(Peetre's inequality) Let $x,y \in \Bbb R^n$ and $s \in \Bbb R$. Then $$ \frac{(1+|x|^2)^s}{(1+|y|^2)^s} \le 2^{|s|} (1+|x-y|^2)^{|s|}.$$
Proof: By switching roles of $x,y$ we may suppose $s \ge 0$, and taking $s$th root may assume $s=1$. Then the argument i found online:
\begin{align*} (1+|x|^2) &= 1 + |x-y|^2 + |y|^2 +2(x-y)y \\ & \le 1 + |x-y|^2 + |y|^2 + (|x-y|^2+|y|^2) \\ & \le 2(1+|y|^2 + |x-y|^2 +|y|^2|x-y|^2 ) \\ & = 2(1+|y|^2)(1+|x-y|^2). \end{align*}
What I don't understand is that on the third inequality, isn't this clearly a strict inequality when $s\not= 0$? (at least by 1)

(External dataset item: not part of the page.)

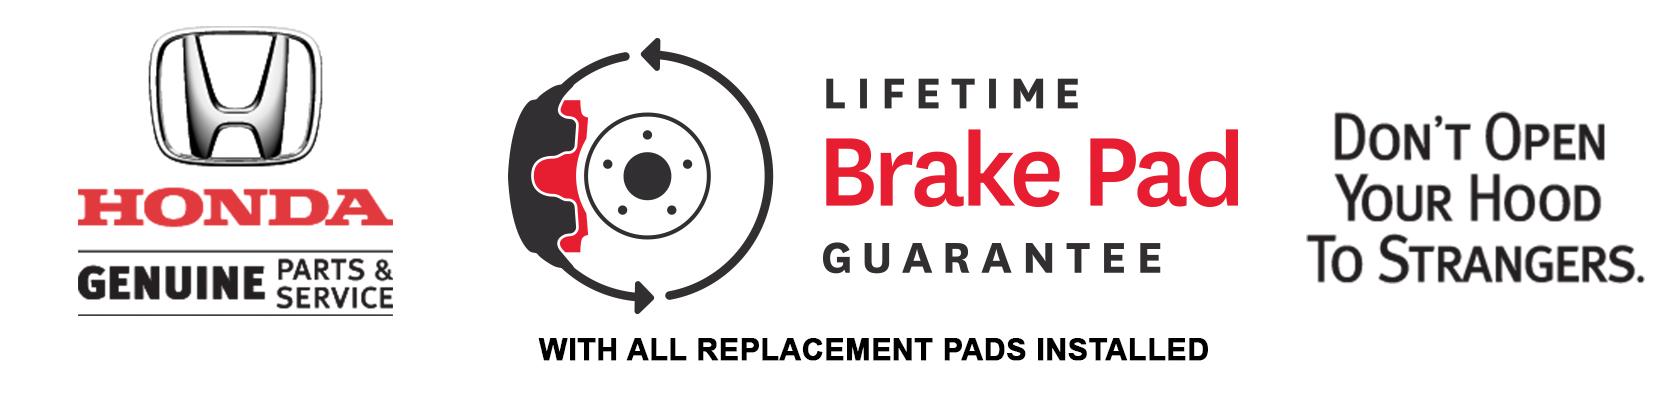 Lifetime brake pad gurantee
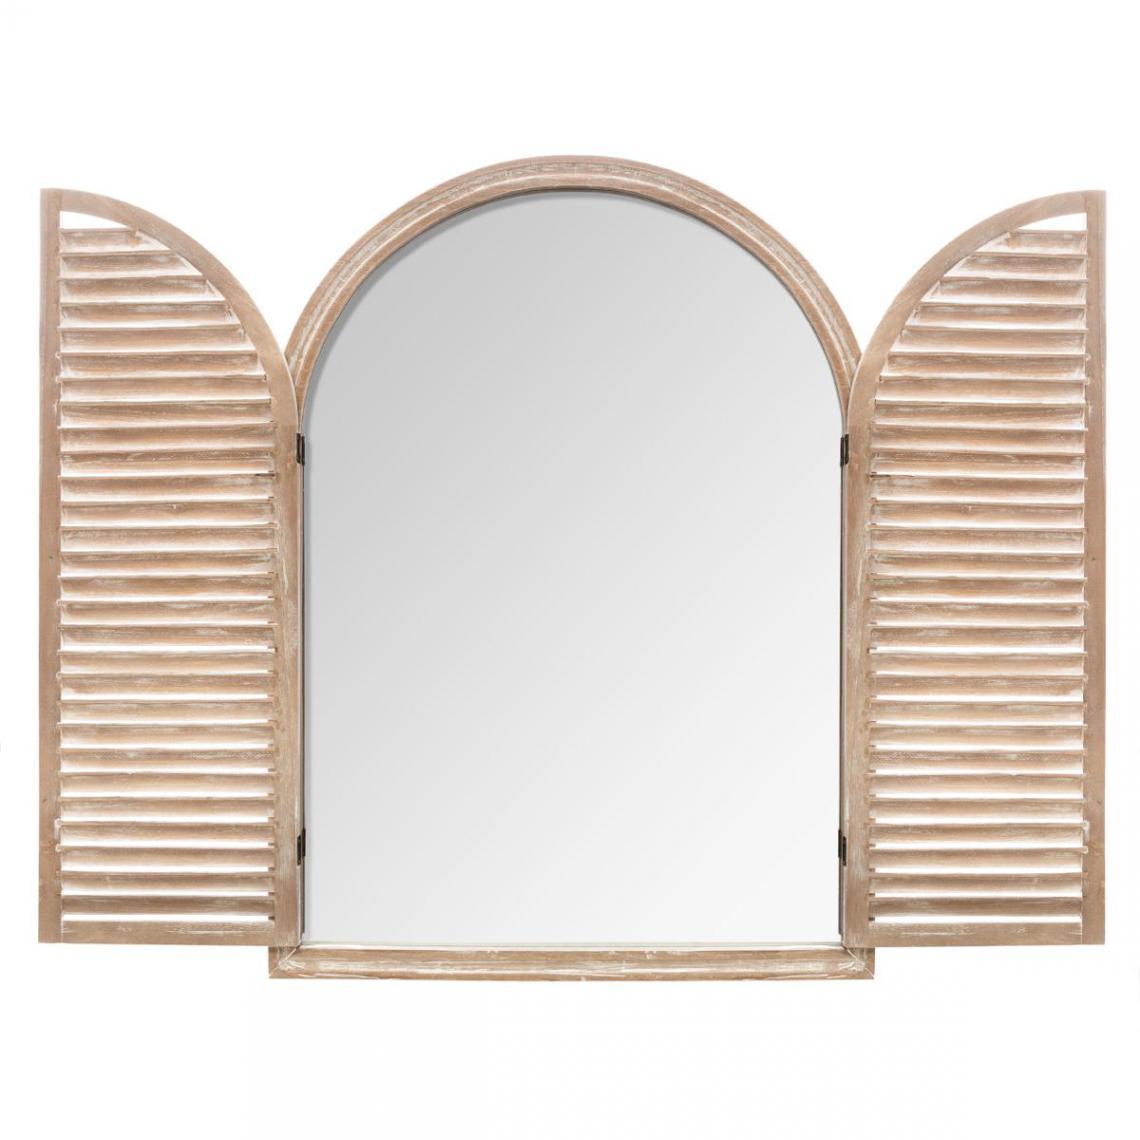 Miroir A Volet 74x104 Blanc Shutery 3 Suisses

Yes, you are correct. We have that for $x,y\in \mathbb{R}^n$, \begin{align*} (1+|x|^2) &=1+|(x-y)+y|^2\\ &= 1 + |x-y|^2 + |y|^2 +2\langle (x-y), y \rangle \\ &\leq 1 + |x-y|^2 + |y|^2 +2|x-y| |y| \\ & \le 1 + |x-y|^2 + |y|^2 + (|x-y|^2+|y|^2) \\ & = 1+ 2|y|^2 + 2|x-y|^2 \\ & < 2+ 2|y|^2 +2|x-y|^2 +2|y|^2|x-y|^2 \\ & = 2(1+|y|^2)(1+|x-y|^2). \end{align*}